Code | Description |
|---|---|
200 | OK The request was successful, resulting in everything working as expected. |
201 | Created The request was successful, resulting in the creation of a new resource. |
202 | Accepted The request has been accepted for processing, but processing has not been completed. |
204 | No Content The request was successfully processed, and is not returning any content. |
400 | Bad Request The server was unable to understand the request. The request is most likely malformed or a mandatory parameter is missing. NoteIt is recommended to make modifications in the current request and repeat the request. |
401 | Unauthorized The request has not been processed because it lacks valid authentication credentials for the target resource. NoteIf the request included valid authentication credentials, then the 401 response indicates that authorization has been refused for the target resource. |
403 | Forbidden The server understood the request but refuses to authorize it. NoteThis probably means you did not pass the API Key (x-api-key) in your request headers. |
404 | Not Found The requested resource does not exist. NoteThe resource may be available in the future. Subsequent requests by the client are permissible. |
422 | Unprocessable Entity The server understands the content type of the request entity, but was unable to process the contained instructions.For example, this error condition may occur if validation rules to process the entity failed. |
429 | Too Many Requests The server received too many request in a given amount of time. |
500 | Internal Server Error The server encountered an unexpected error, which prevented it from fulfilling the request. |
502 | Bad Gateway The server, while acting as a gateway or proxy, received an invalid response from the upstream server. |
503 | Service Unavailable The server is currently unable to handle the request due to a temporary overloading or maintenance of the server. |
The request and response data is sent as JSON.
content-type: application/json
The API Key is required to be passed in the HTTP Request Headers.
x-api-key: your_api_key
The Tenant Key is required to be passed in the HTTP Request Headers.
x-tenantsecretkey: your_tenant_key
The Authorization header is required for all endpoints.
authorization: Bearer SPACE your_jwt_tokenCode | Message |
|---|---|
7001 | The barcode does not exist. |
7002 | The barcode is already scanned. |
7003 | The visit date/time is of the future. |
7004 | The visit date/time has already passed. |
The user must have 'Full' permission for 'Scan barcode' from the Enviso Admin app in order to access the Scanning API endpoints.
Contact Vintia support to obtain the Tenant key, API key and API secret key, which you need to start communicating to the API.
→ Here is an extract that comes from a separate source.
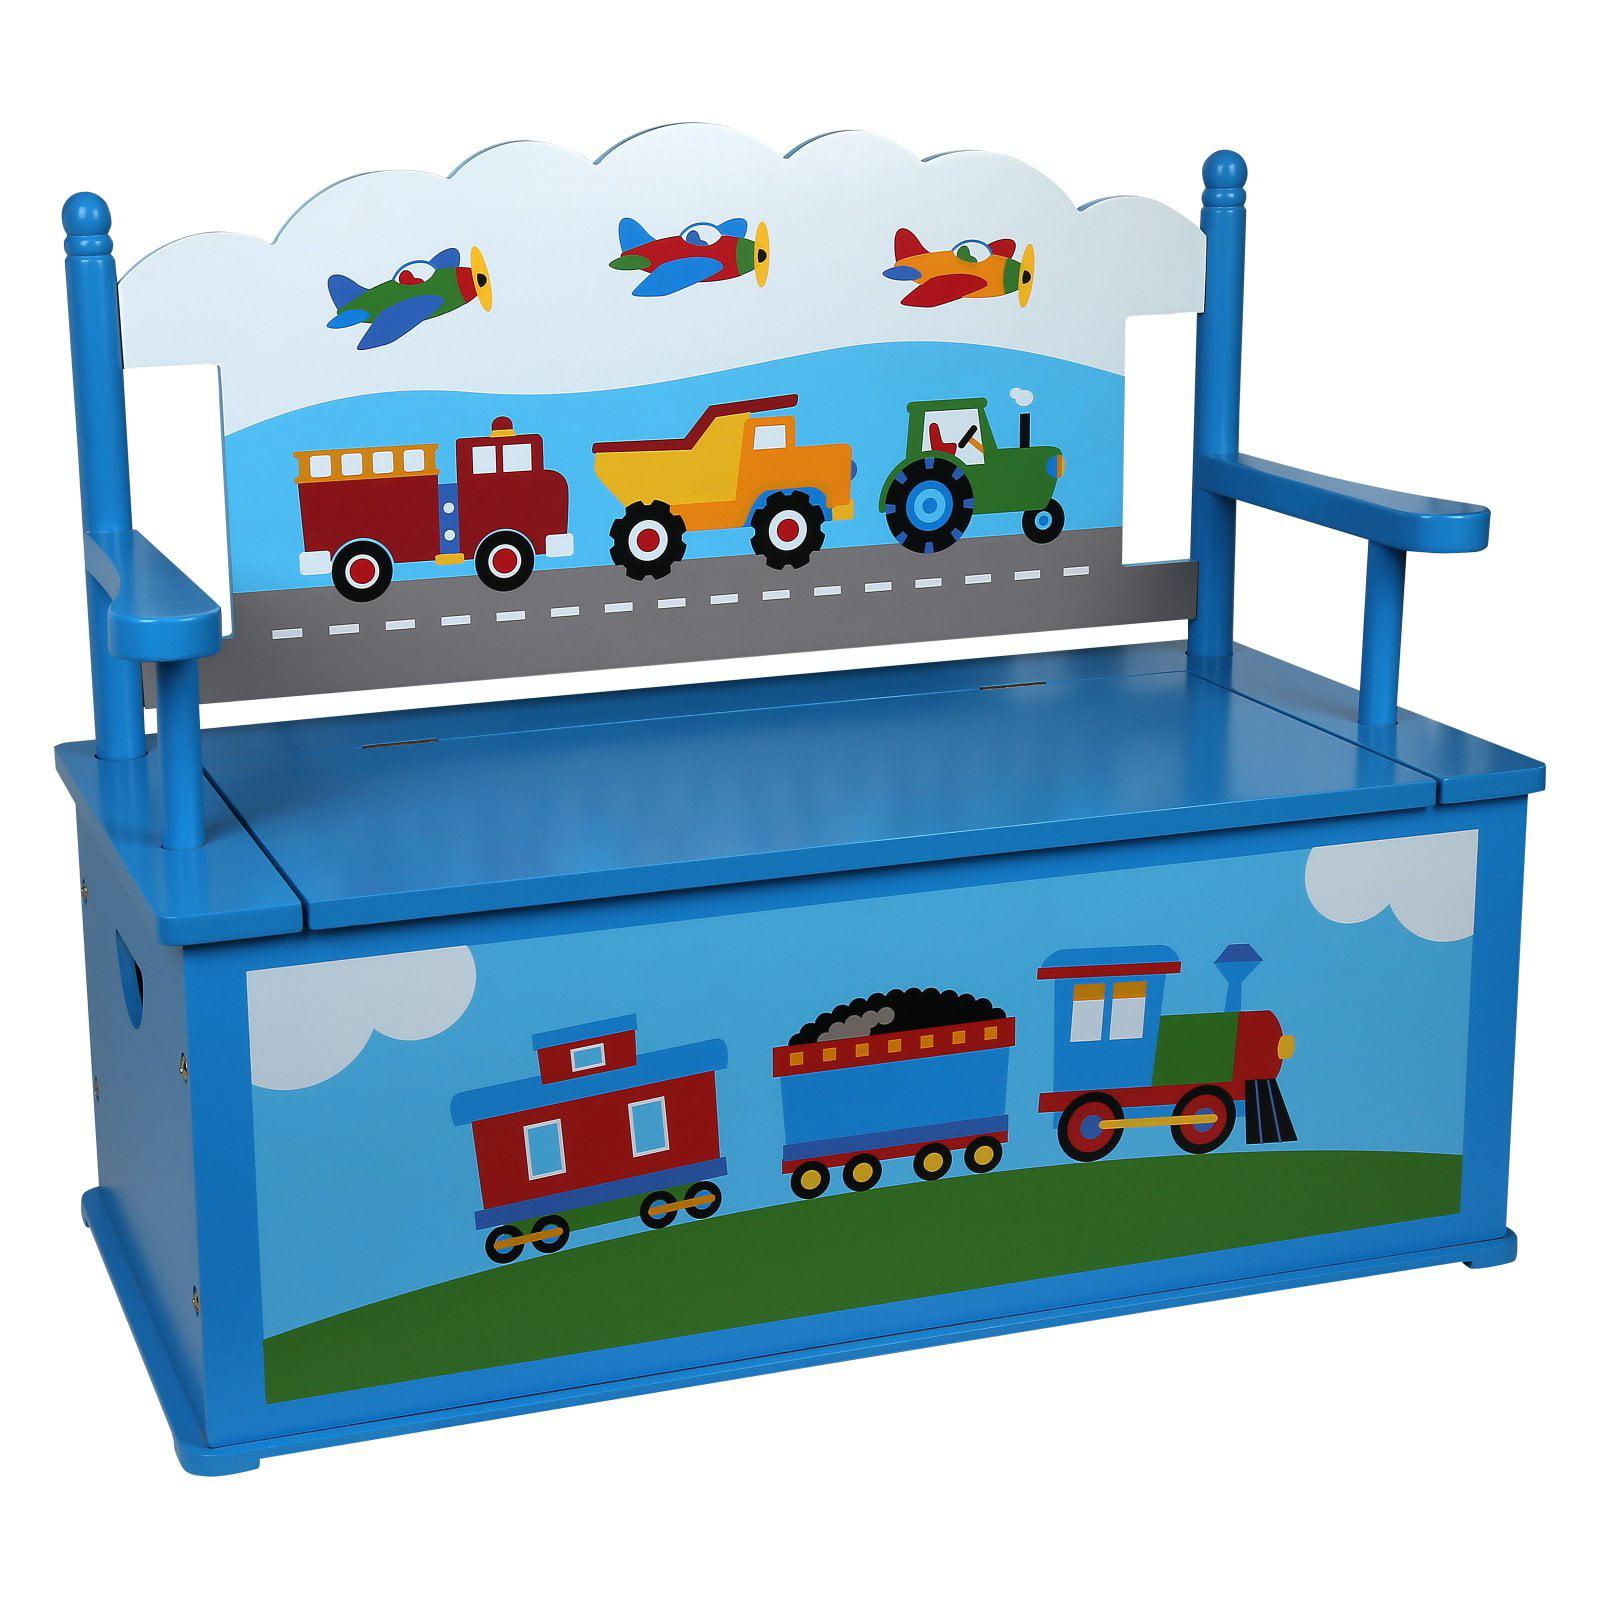 Olive Kids Trains, Planes, Trucks Bench Seat with Storage
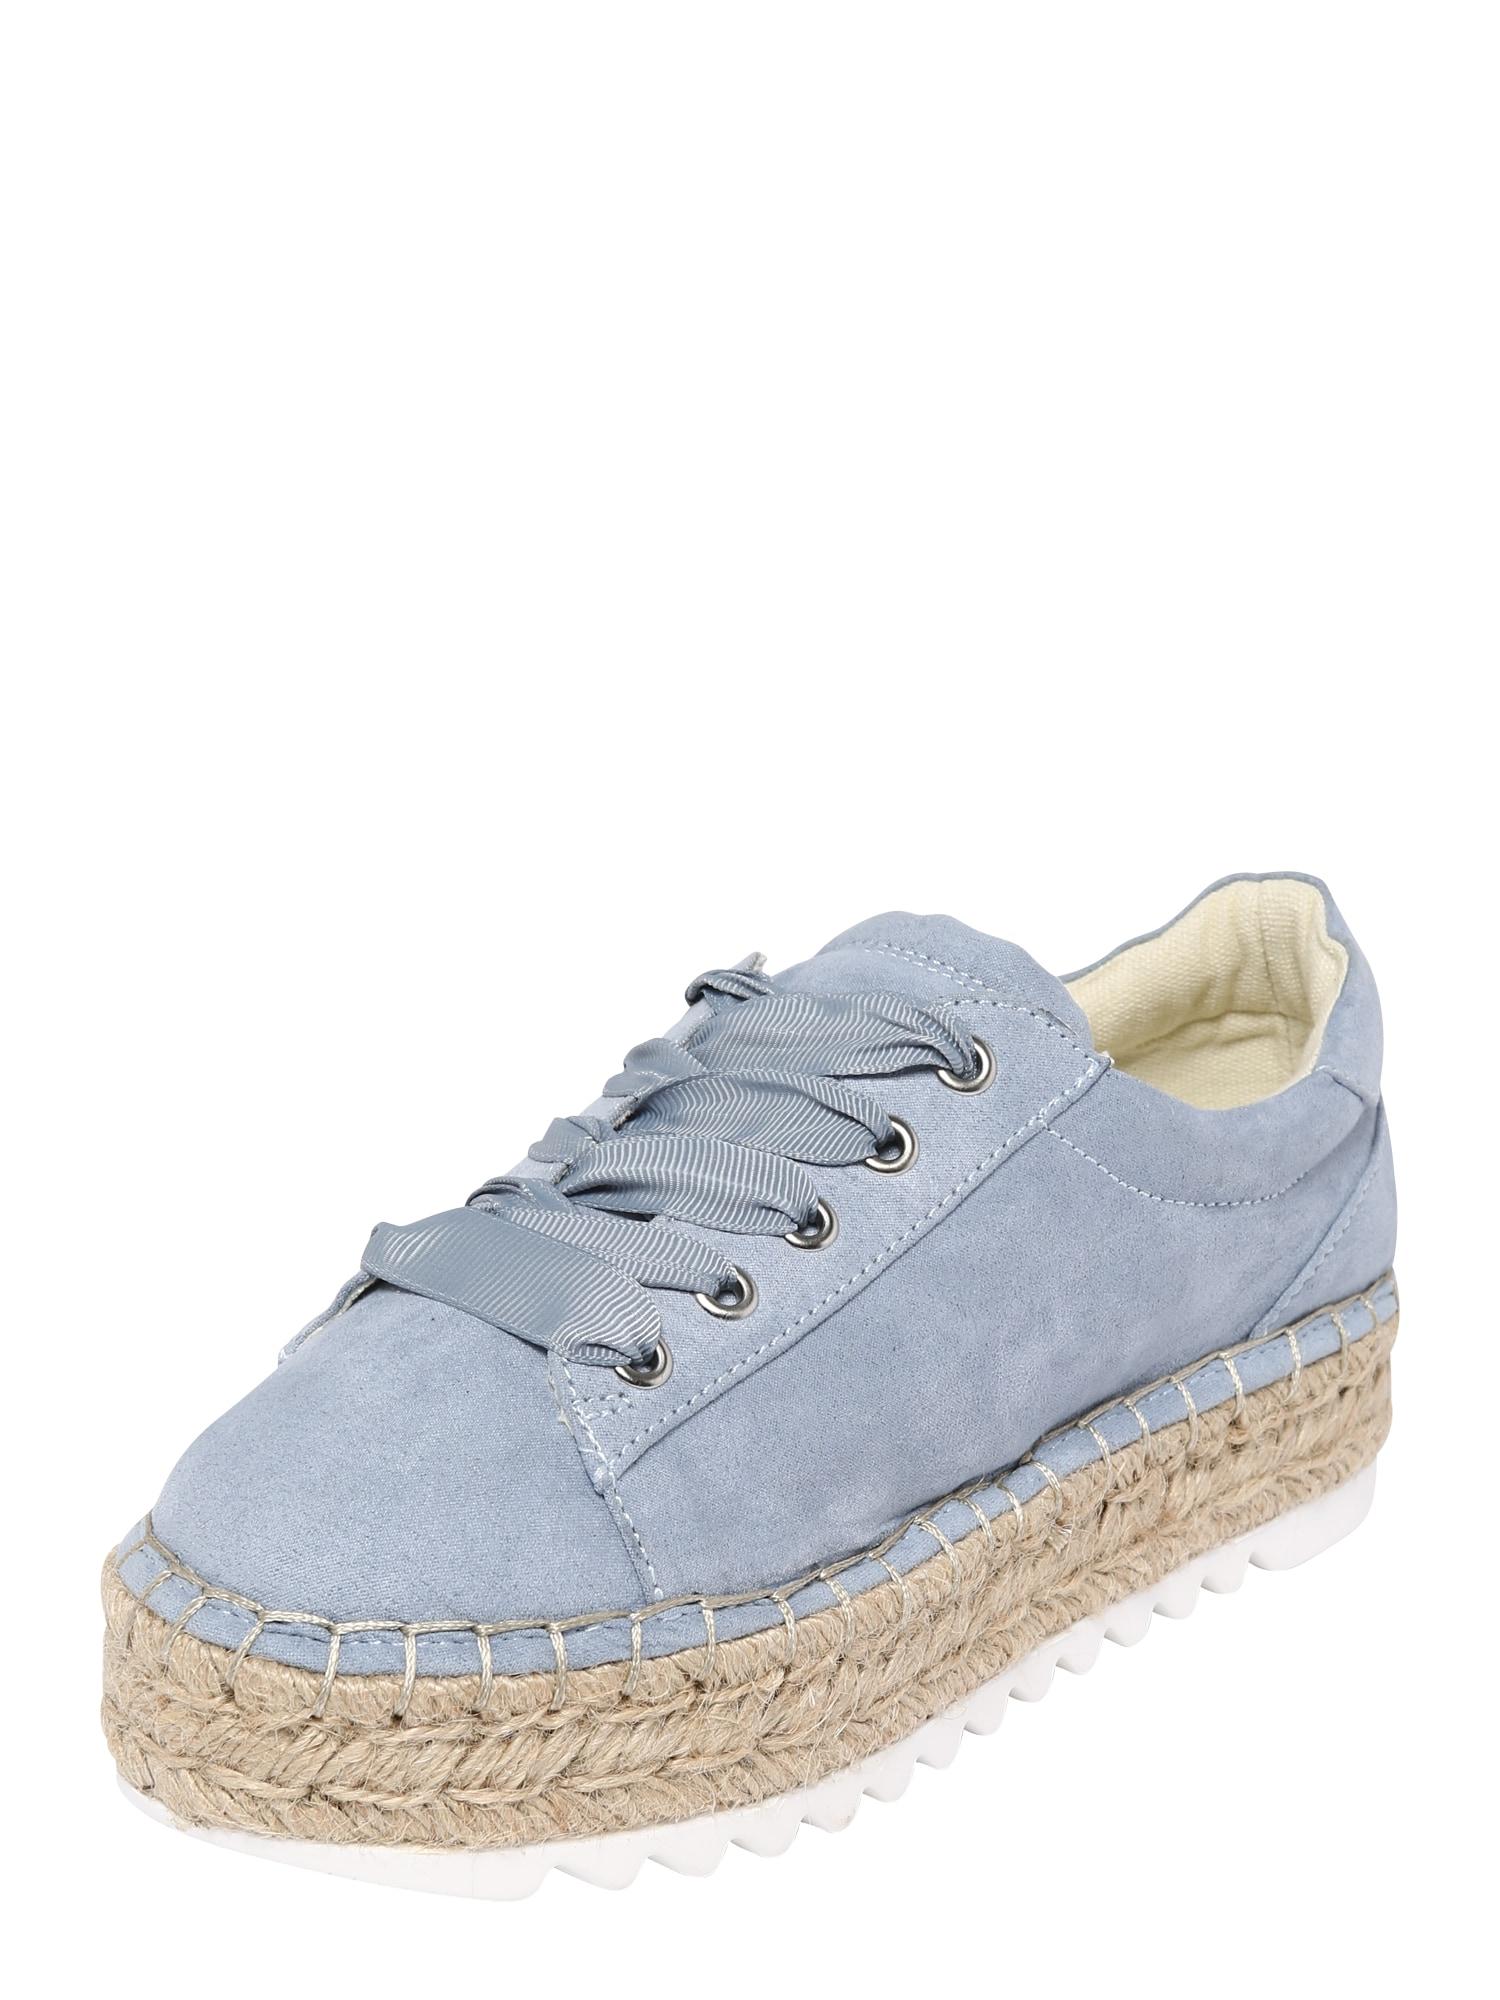 Espadrilles | Schuhe > Espadrilles | Hellblau | BULLBOXER

Once you have the needed information, you need to authenticate first before you'll be able to call the Scanning API.
For this, you'll need to use the Authentication API.
When going from the staging environment to the production environment:
Use the production environment API key and API secret key of the Authentication API.
Environment | Authentication API URL format |
|---|---|
Staging | https://api.staging-enviso.io/authenticationapi |
Production | https://api.enviso.io/authenticationapi |
Use the production environment API Key and Tenant key of the Scanning API.
Environment | Scanning API URL format |
|---|---|
Staging | https://api.staging-enviso.io/scanningapi |
Production | https://api.enviso.io/scanningapi |
Contact Vintia support to get your production environment keys of the Authentication API and Scanning API.
Name | Type | Required | Description |
|---|---|---|---|
barcode | string | true | The barcode value of the ticket/membership. Eg: /v1/validate/EOWY2ALB0106FDTS |
Success response code: 200 OK
Possible error codes
Code | Message |
|---|---|
7001 | The barcode does not exist. |
7002 | The barcode is already scanned. |
7003 | The visit date/time is of the future. |
7004 | The visit date/time has already passed. |
var client = new RestClient("https://api.staging-enviso.io/scanningapi/v1/validate/string");
var request = new RestRequest(Method.POST);
request.AddHeader("Accept", "text/plain");
request.AddHeader("Authorization", "string");
request.AddHeader("x-tenantsecretkey", "string");
request.AddHeader("origin", "string");
IRestResponse response = client.Execute(request);
HttpResponse<String> response = Unirest.post("https://api.staging-enviso.io/scanningapi/v1/validate/string")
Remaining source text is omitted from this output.